Word comes that Bob Fogel, an absolute giant in economic history and a Nobel Prize winner, passed away today. I first encountered Fogel in a class a decade or so ago taught by Robert Margo, another legendary scholar of the economics of American history.
Fogel’s most famous contribution is summarized in the foreword to the very readable Without Consent or Contract. “Although the slave system was horribly retrogressive in its social, political, and ideological aspects, it was quite advanced by the standards of the time in its technology and economic organization. The paradox is only apparent…because the paradox rests on the widely held assumption that technological efficiency is inherently good. It is this beguiling assumption that is false and, when applied to slavery, insidious.”
Roughly, it was political change alone, not economic change, which could have led to the end of slavery in America. The plantation system was, in fact, a fairly efficient system in the economic sense, and was not in danger of petering out on its own accord. Evidence on this point was laid out in technical detail in Fogel and Engerman’s “Time on the Cross”. In that text, evidence from an enormous number of sources is brought to bear on the value of a slave over time; McCloskey has called Fogel “a carpenter of history…measure, measure again, measure again.” The idea that the economic effects of history can be (and are) wildly different from the moral or political effects remains misunderstood; Melissa Dell’s wonderful paper on the Peruvian mita is a great example of a terrible social policy which nonetheless had positive long-run economic effects. As historians disdain “Whig history”, the idea that things improve as time marches on, economists ought disdain “Whig economics”, the idea that growth-inducing policies are somehow linked to moral ones.
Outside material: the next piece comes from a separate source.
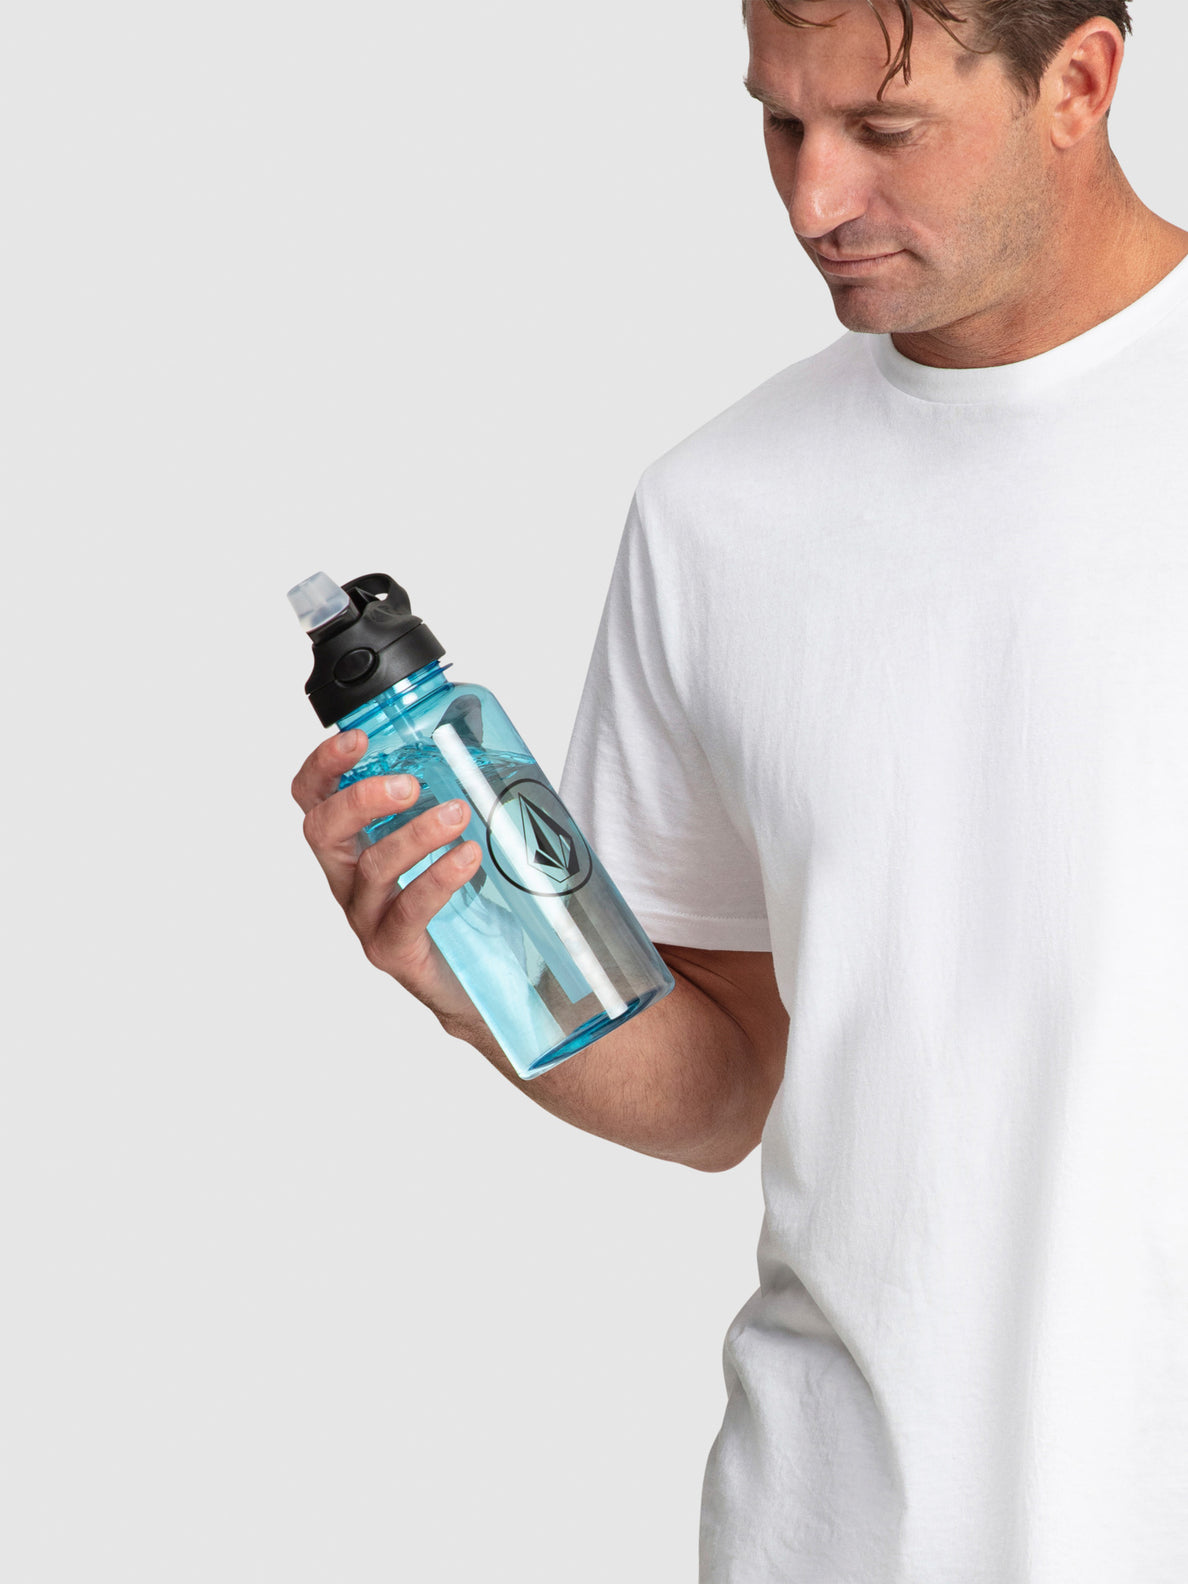 Hydrostone Water Bottle - Blue Black

There is much beyond the slavery research, of course. In one of the most famous papers in economic history, Fogel studied the contribution of the railroad to American economic growth (Google has this at only 86 citations; how is such a low number possible?). He notes that, as economists, we should care about the marginal benefit, not the absolute benefit, of the railroad. In the absence of rail, steamboats and canals were still possible (and would likely have been built in the midwest). He famously claims that the US would have reached its income in January 1890 by the end of March 1890 had there been no rail at all, a statement very much contrary to traditional historical thinking.
Fogel’s later life was largely devoted to his project on the importance of improved nutrition and its interaction with economic growth, particularly since the 1700s. If you’ve not seen these statistics, it is amazing just how short and skinny the average human was before the modern era. There has been an enormous debate over the relative role of nutrition, vis-a-vis technologies, knowledge like germ theory, or embodied or diffused knowledge, in the increased stature of man: Angus Deaton summarizes the literature nicely. In particular, my read is that the thesis whereby better nutrition causes a great rise in human incomes is on fairly shaky ground, though the debate is by no means settled.
Amazon has Without Consent or Contract for sale for under 15 bucks, well worth it. Some quick notes: Fogel was by no means a lone voice in cliometrics; for example, Conrad and Meyer in a 1958 JPE make very much the same point as Fogel concerning the economic success of slavery, using tools from capital theory in the argument. Concerning the railroad, modern work suggests Fogel may have understated its importance. Donaldson and Hornbeck, two of the best young economic historians in the world, use some developments in modern trade theory to argue that increased market access due to rail, measured as market access is capitalized into farmland, was far more important to GDP growth than Fogel suggested.